REQUIRED WORK. Exclude images; transcribe the rest of the data exactly.

GIVEN MATERIAL.
_ _ _ _ _

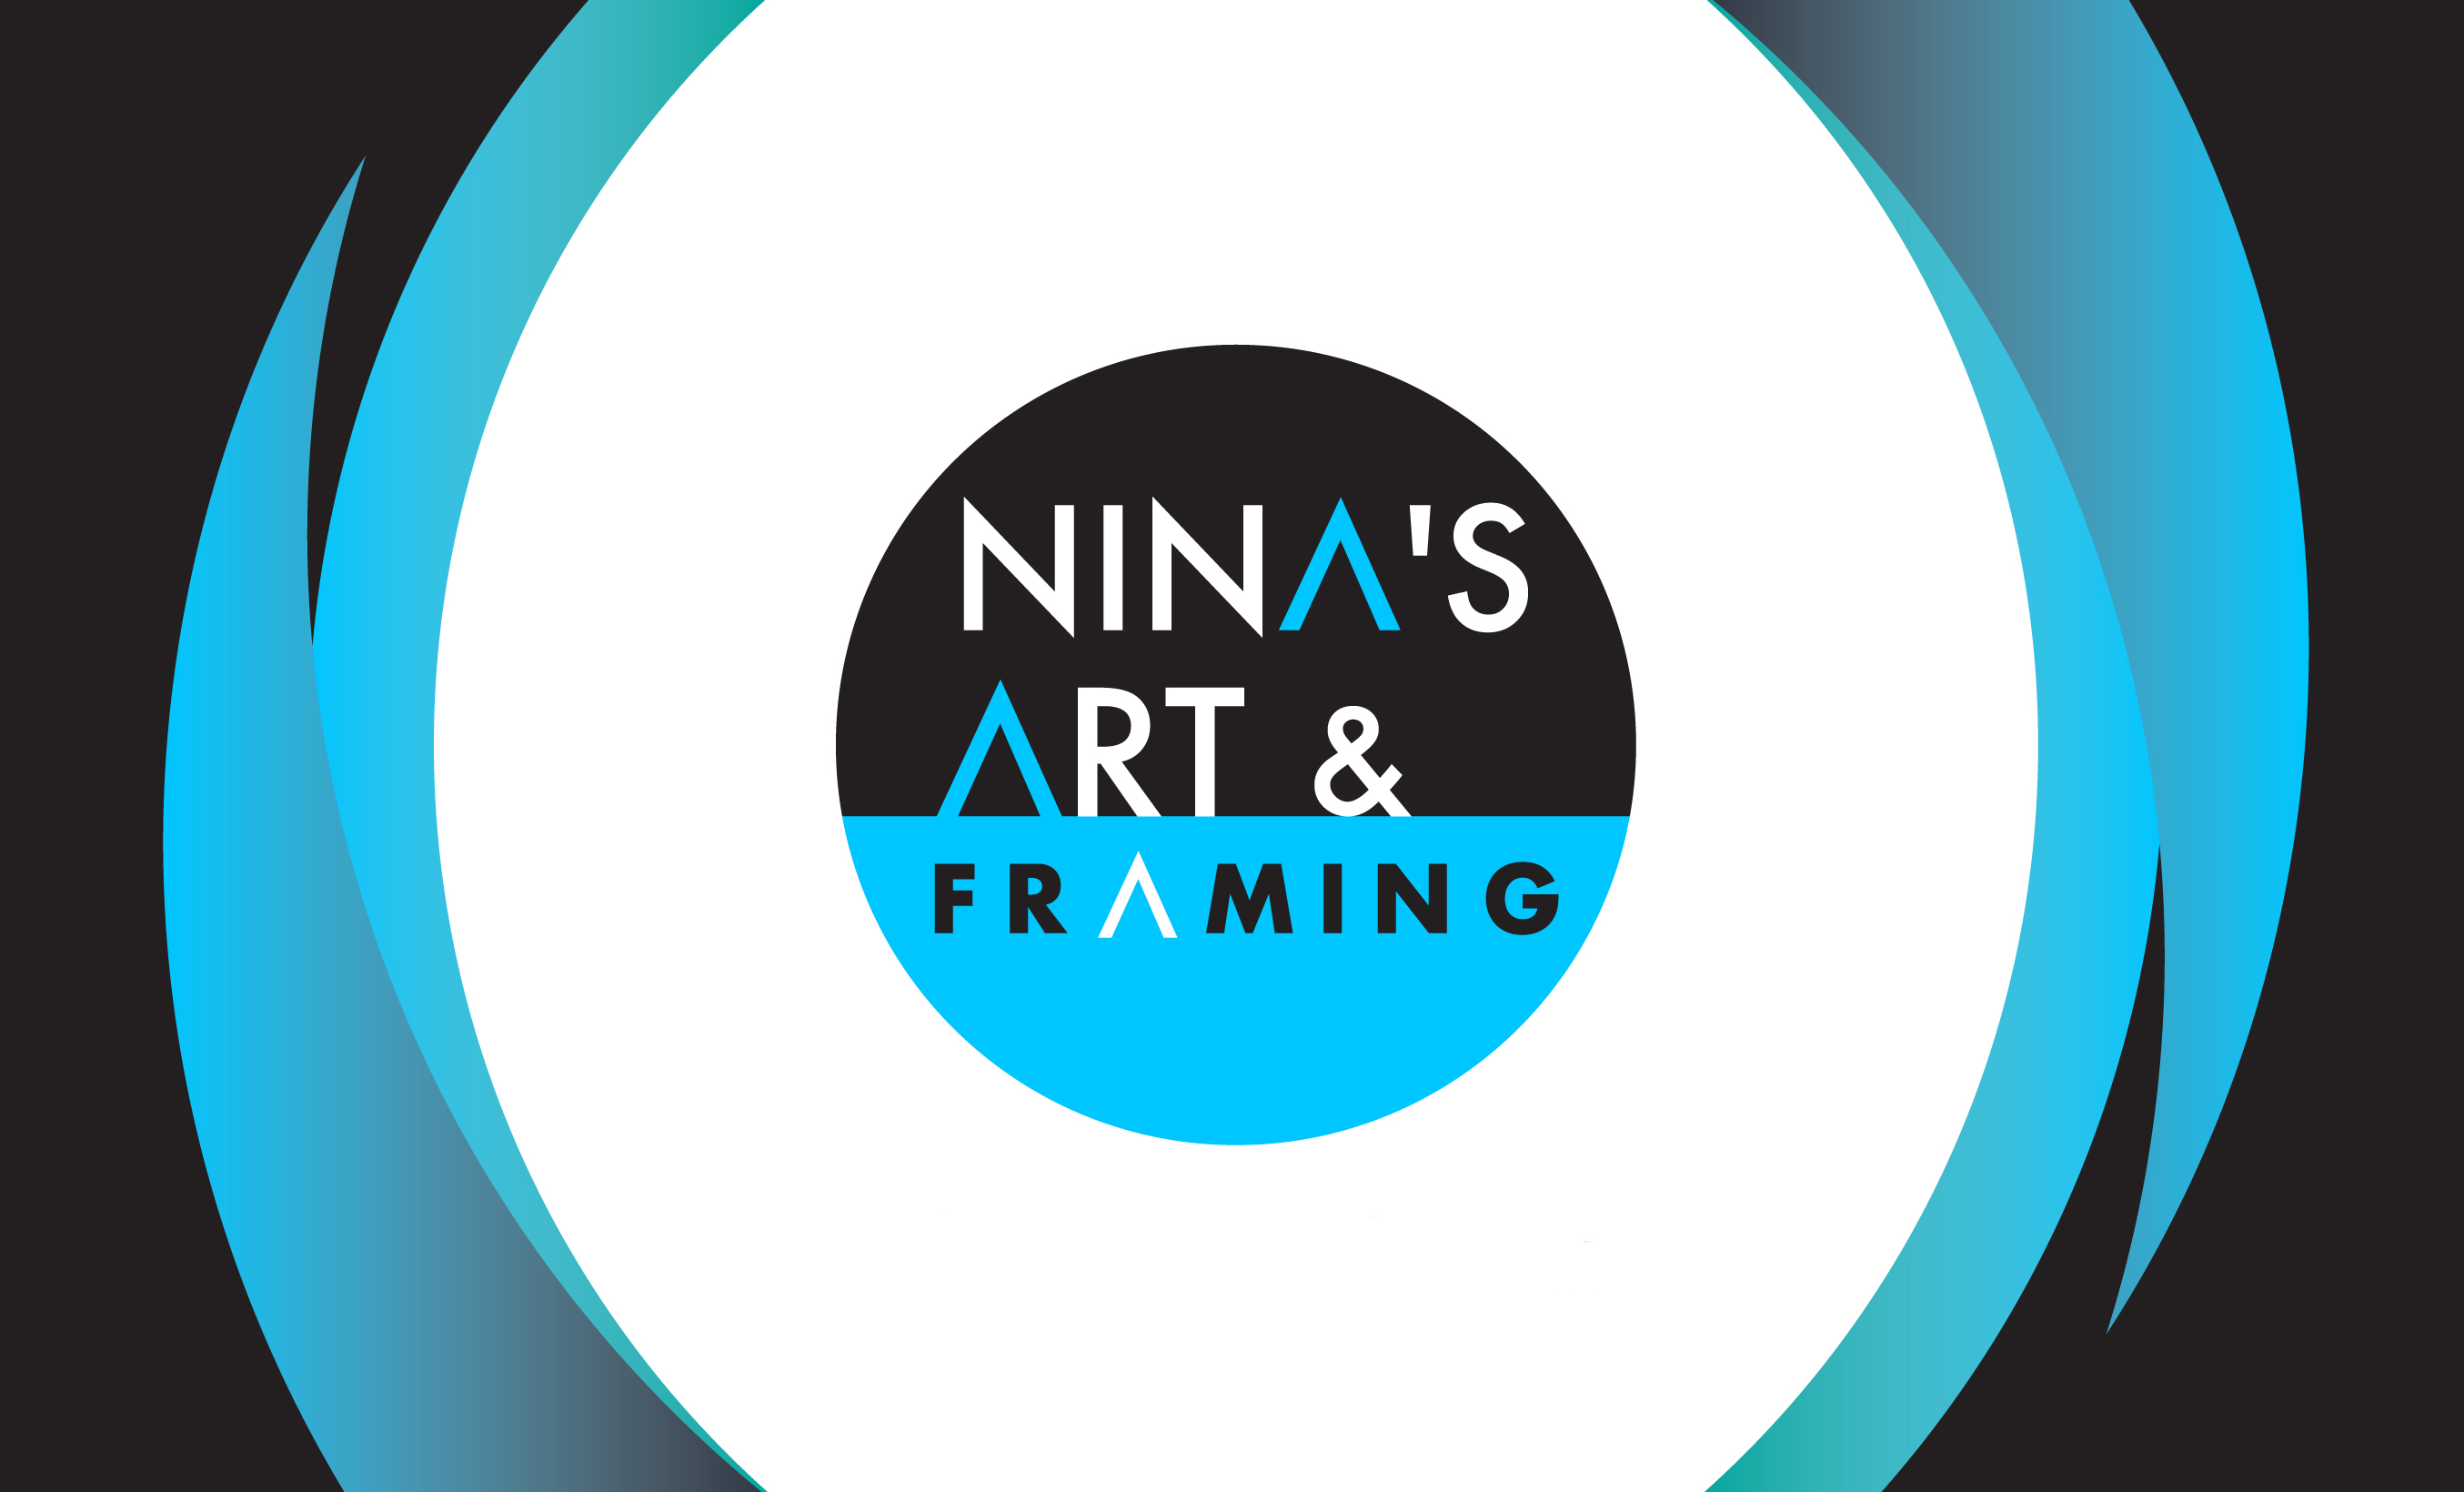 NINA'S ART & FRAMING
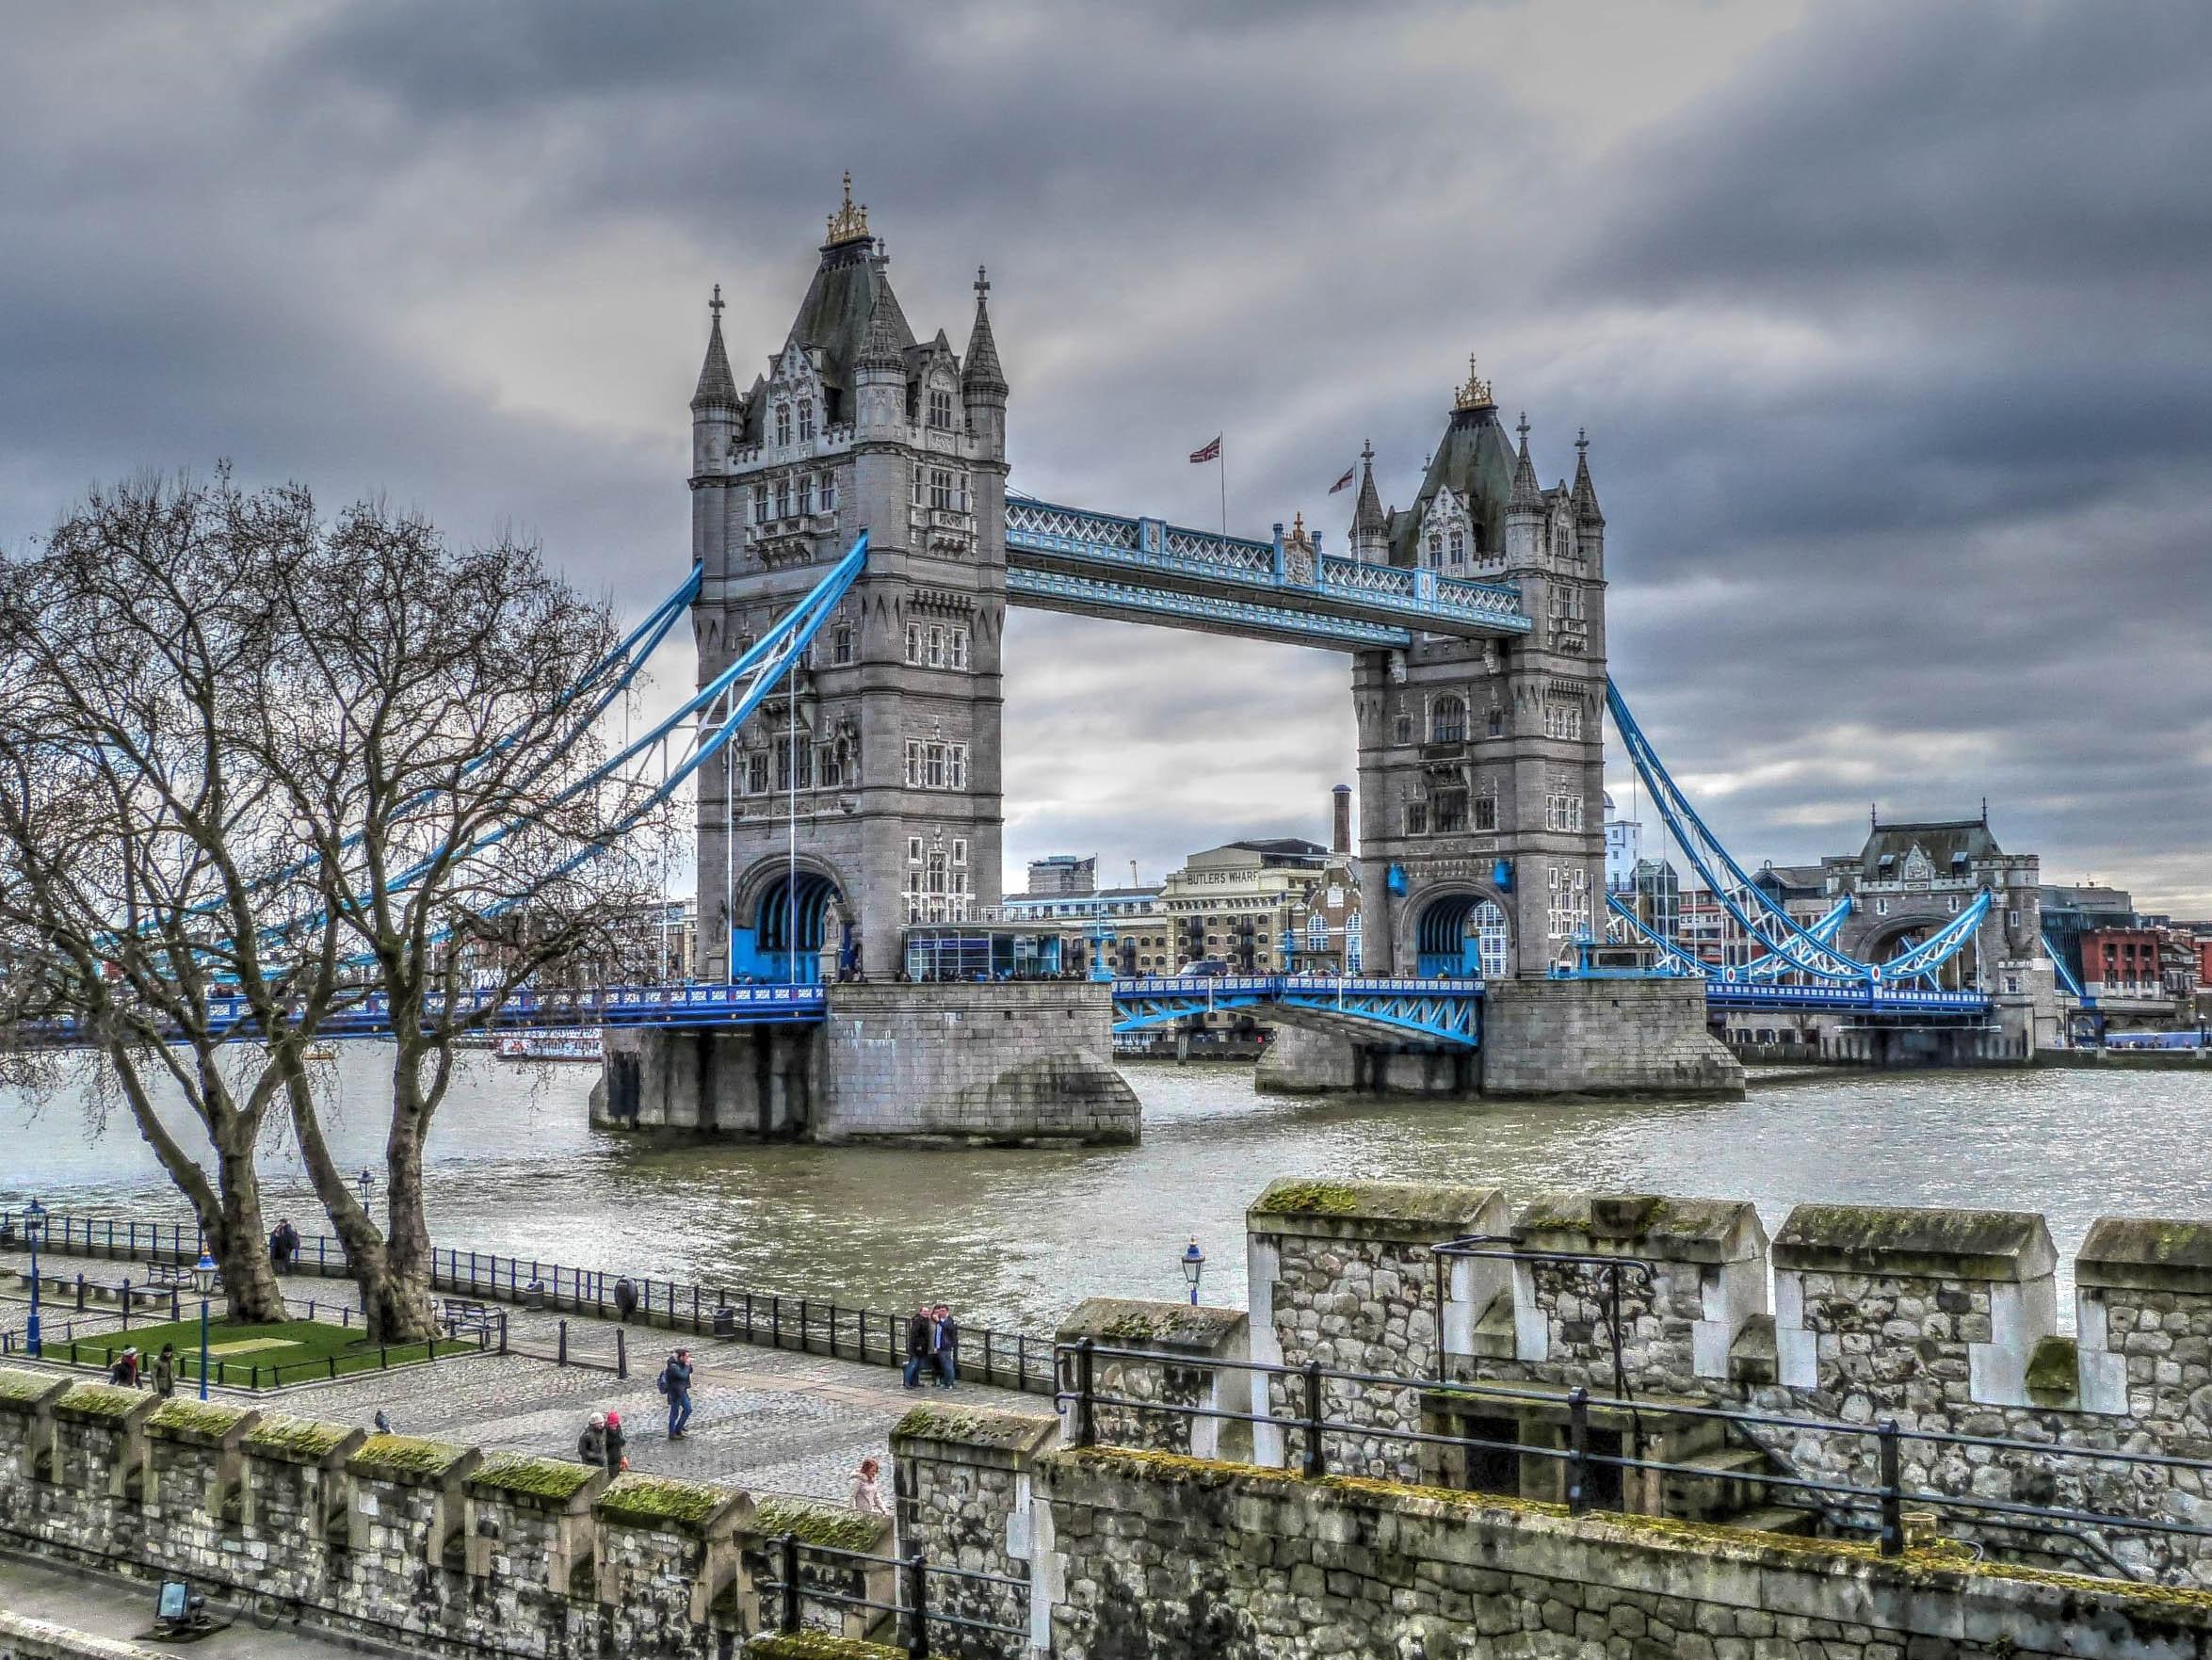 London - UK - 1nikah Photo by John Smith: https://www.pexels.com/photo/tower-bridge-726484/
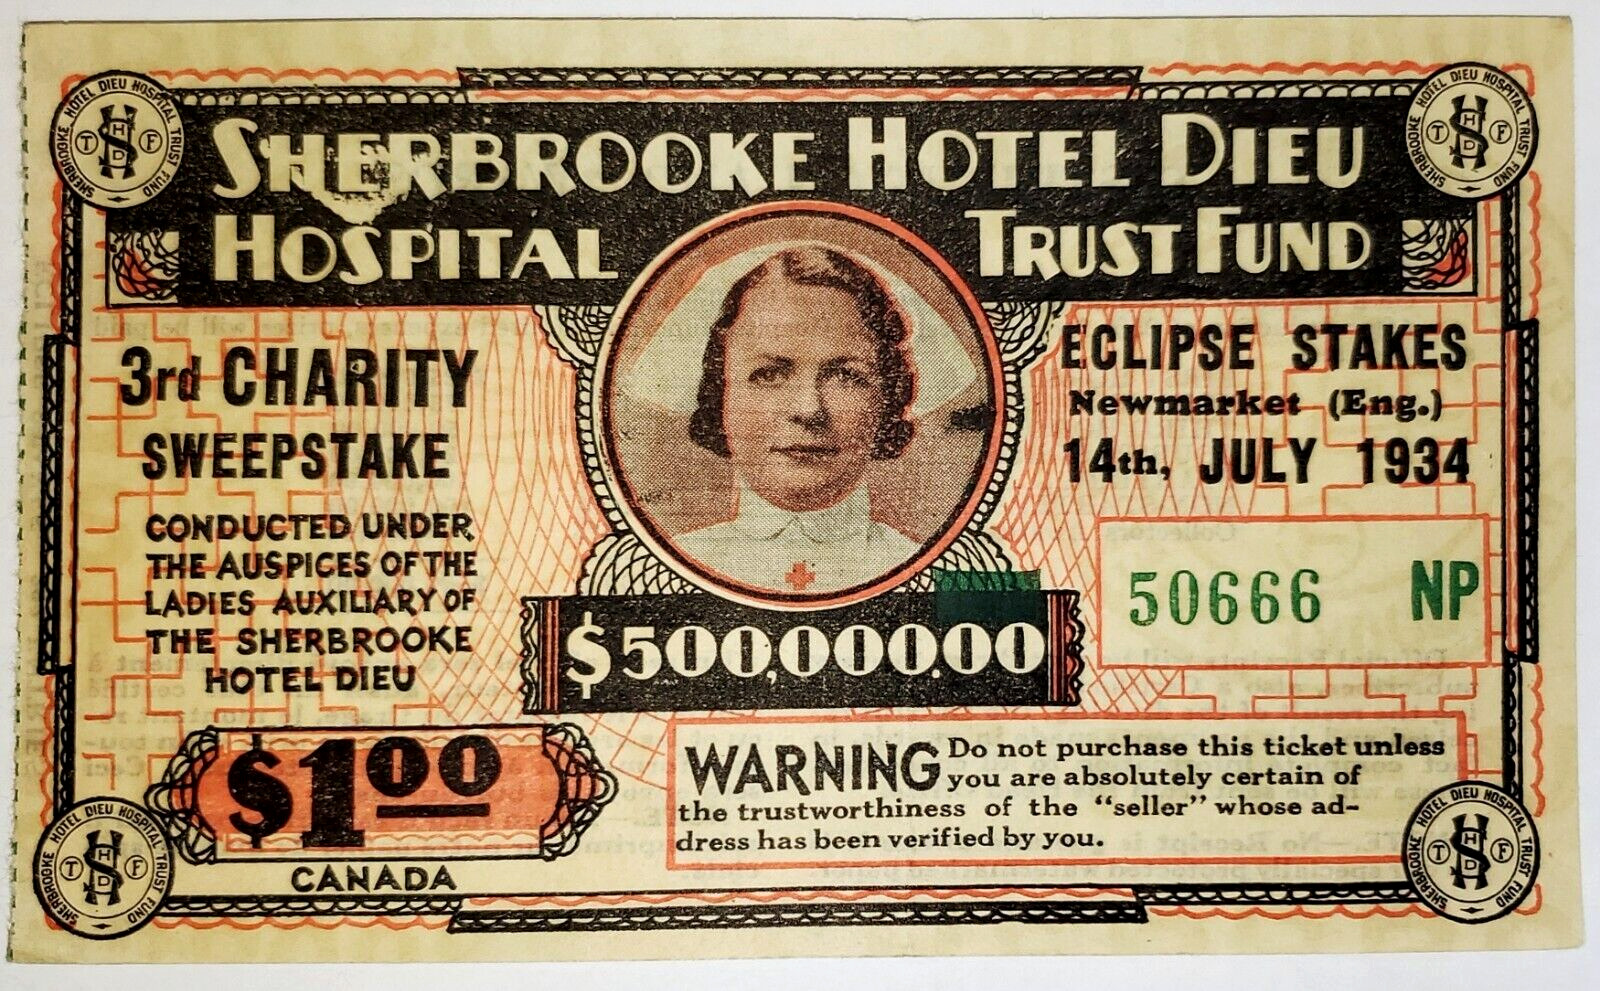 VTG 1934 Sherbrooke Hotel Dieu Hospital Trust Fund Sweepstake Ticket

_ _ _ _ _

ANSWER SECTION.
 NINA'S ART & FRAMING
 London - UK - 1nikah Photo by John Smith: https://www.pexels.com/photo/tower-bridge-726484/
 VTG 1934 Sherbrooke Hotel Dieu Hospital Trust Fund Sweepstake Ticket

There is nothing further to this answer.